For an $n\times n$ diagonizable matrix $A$, is there a relation between the eigenvalues of $A$ and the eigenvalues of $A^TA$?

I ask this because I am looking into the relation between $A$ and $A+cI$, specifically their condition numbers:

$$\kappa(A)=\sqrt{\frac{\lambda_{\mathrm{max}}\left(A^TA\right)}{\lambda_{\mathrm{min}}\left(A^TA\right)}}\quad \mbox{ and }\quad \kappa(A+cI)=\sqrt{\frac{\lambda_{\mathrm{max}}\Big((A+cI)^T(A+cI)\Big)}{\lambda_{\mathrm{min}}\Big((A+cI)^T(A+cI)\Big)}}$$

I know for SPD matrices this reduces to

$$\kappa(A)=\frac{\lambda_{\mathrm{max}}(A)}{\lambda_{\mathrm{min}}(A)}\quad \mbox{ and }\quad \kappa(A+cI)=\frac{\lambda_{\mathrm{max}}(A)+c}{\lambda_{\mathrm{min}}(A)+c},$$ such that I can derive stuff like $$\kappa(A)<\kappa(A+cI)\quad \mathrm{ or } \quad \kappa(A)>\kappa(A+cI) $$ depending on $c$.
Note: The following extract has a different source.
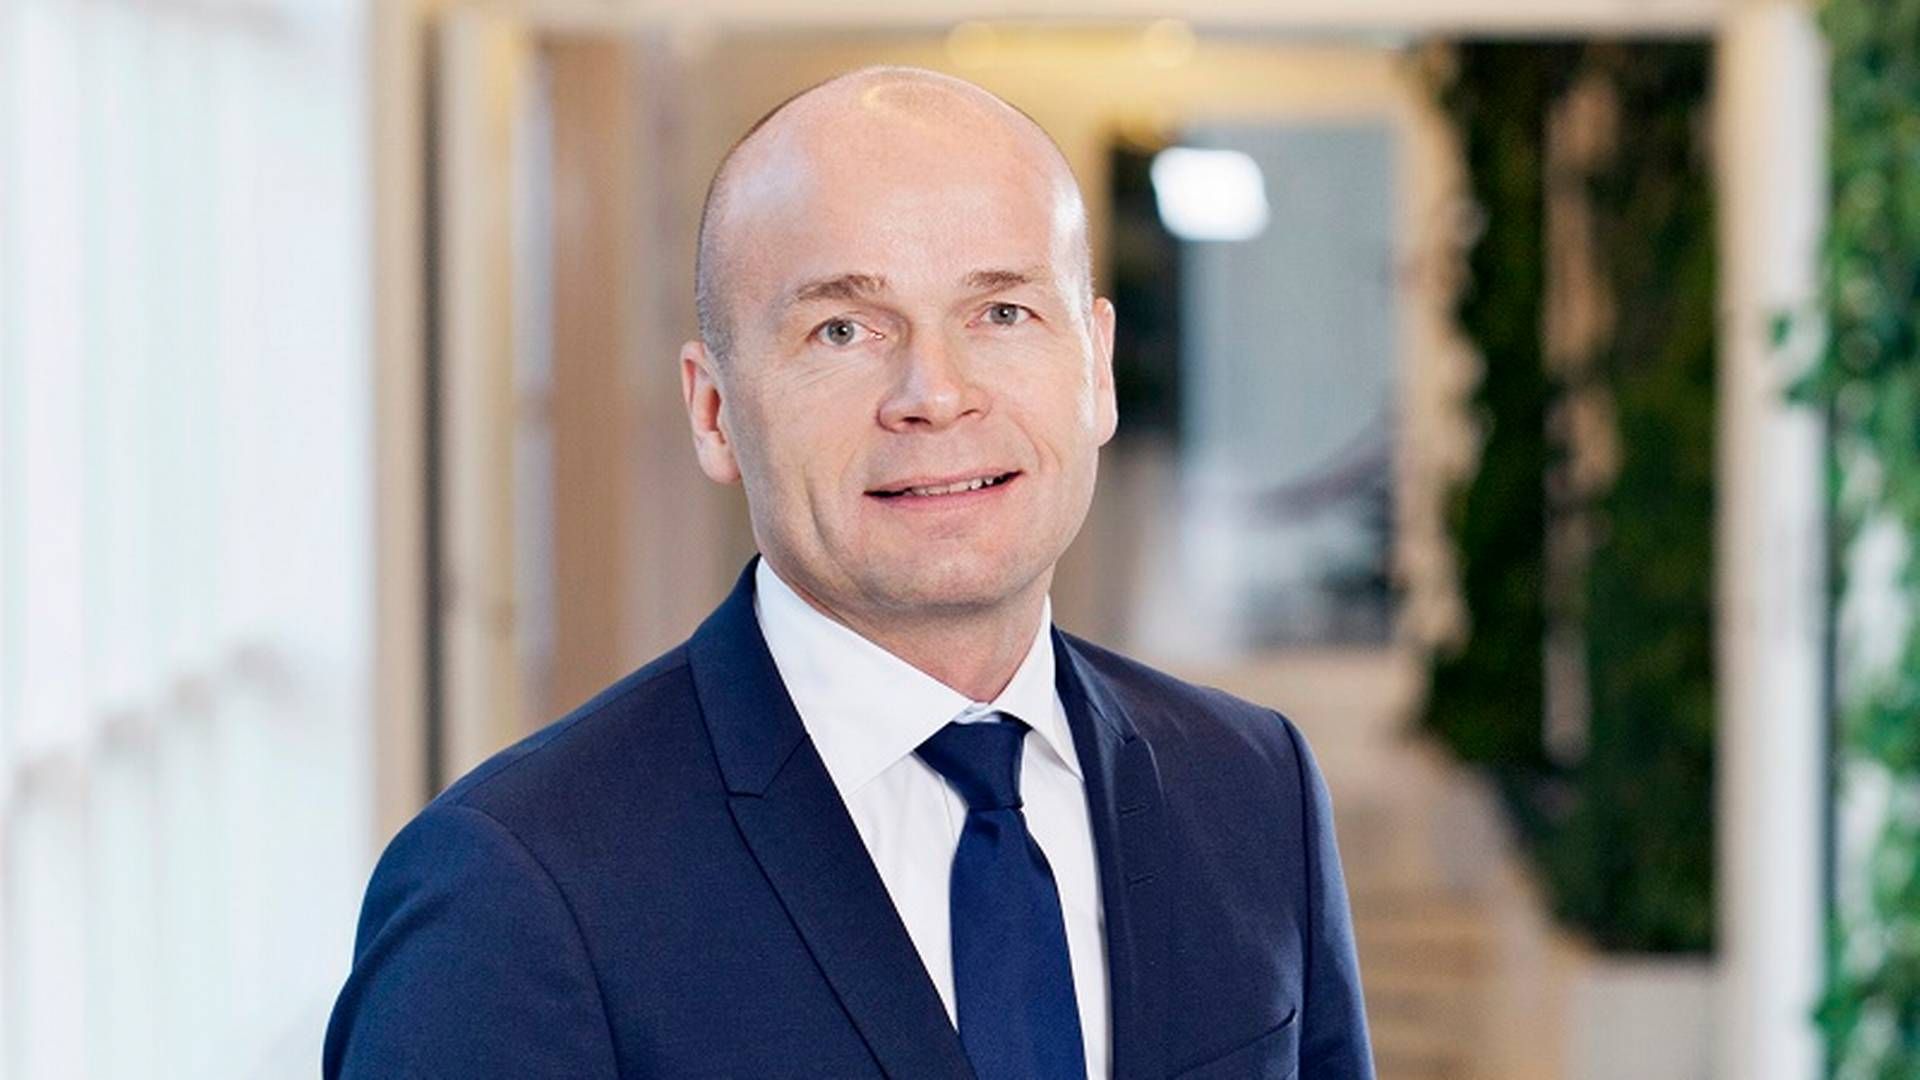 Den vigtigste it it- og telesektore netop nu er at få et moderniseret telforlig, mener TDC's finansdirektør, Stig Pastwa. | Foto: PR/Teis Bruno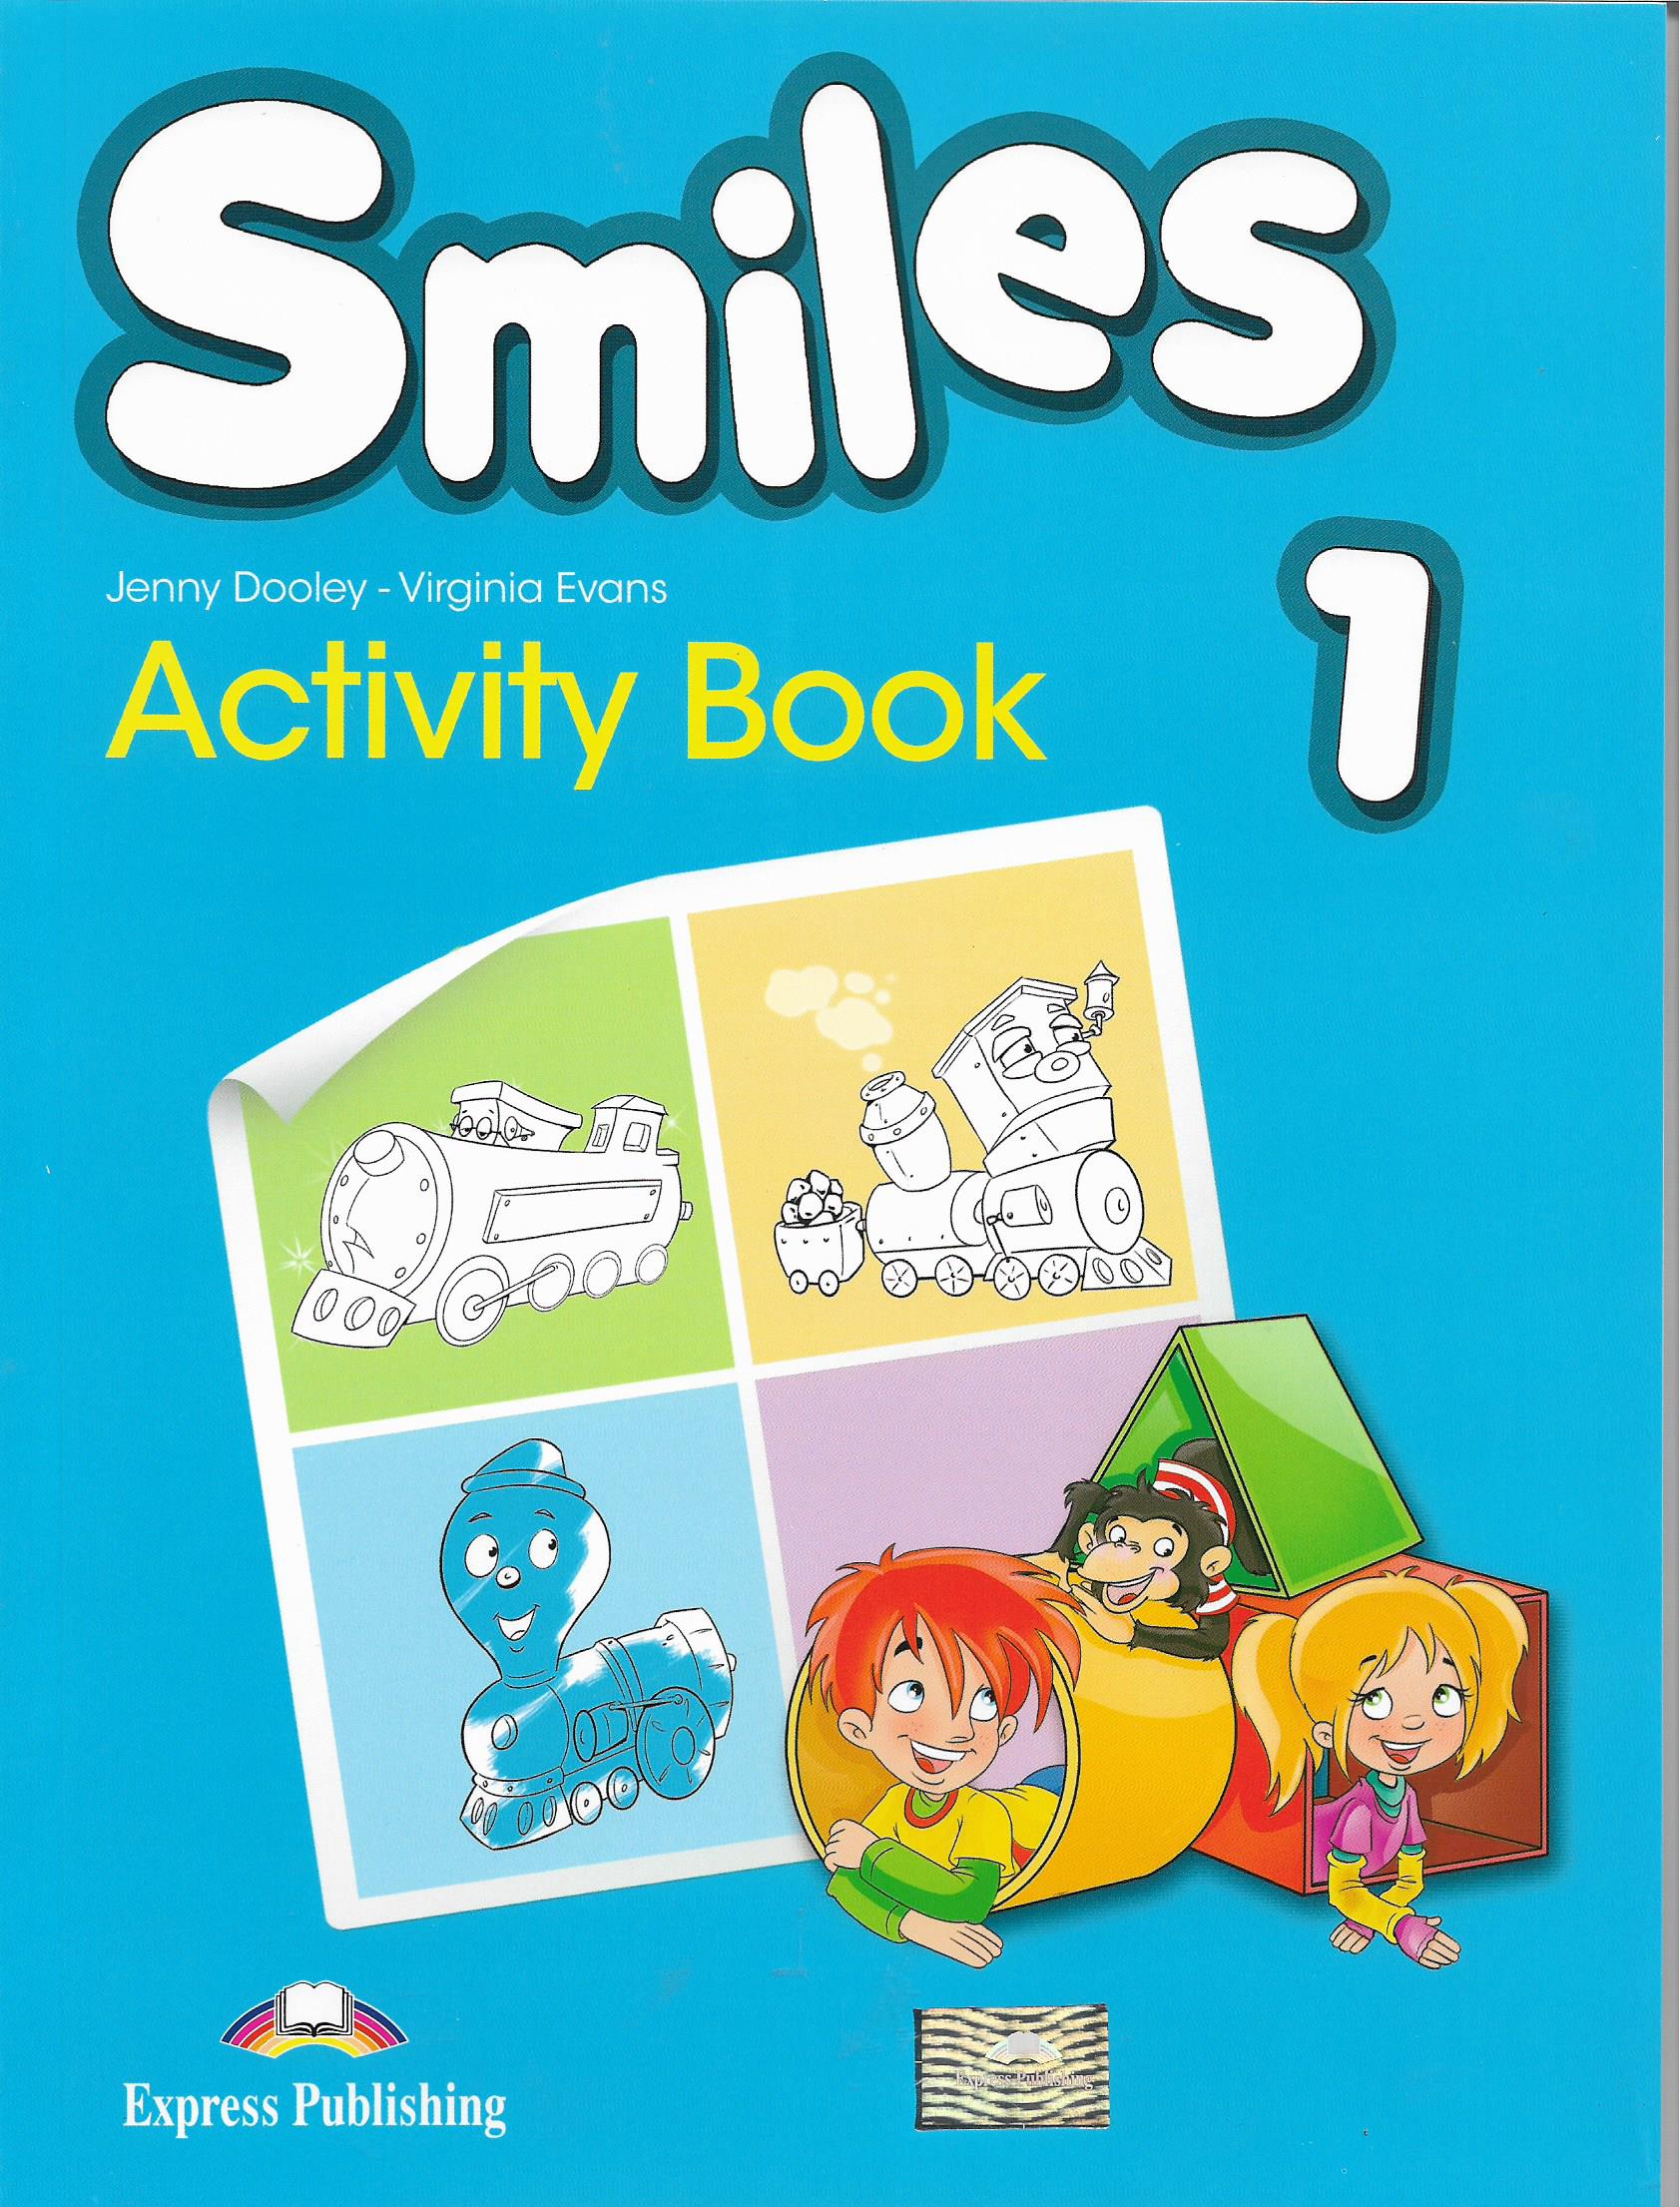 Smiles 1 Activity Book

However, for general $A$ when I try rewriting $\kappa(A)$ I don't know what to do with the $\lambda(A^TA)$ part.

Can anyone help me? Or provide another trick to relate $\kappa(A)$ and $\kappa(A+cI)$ for general $A$, like I did for SPD matrices.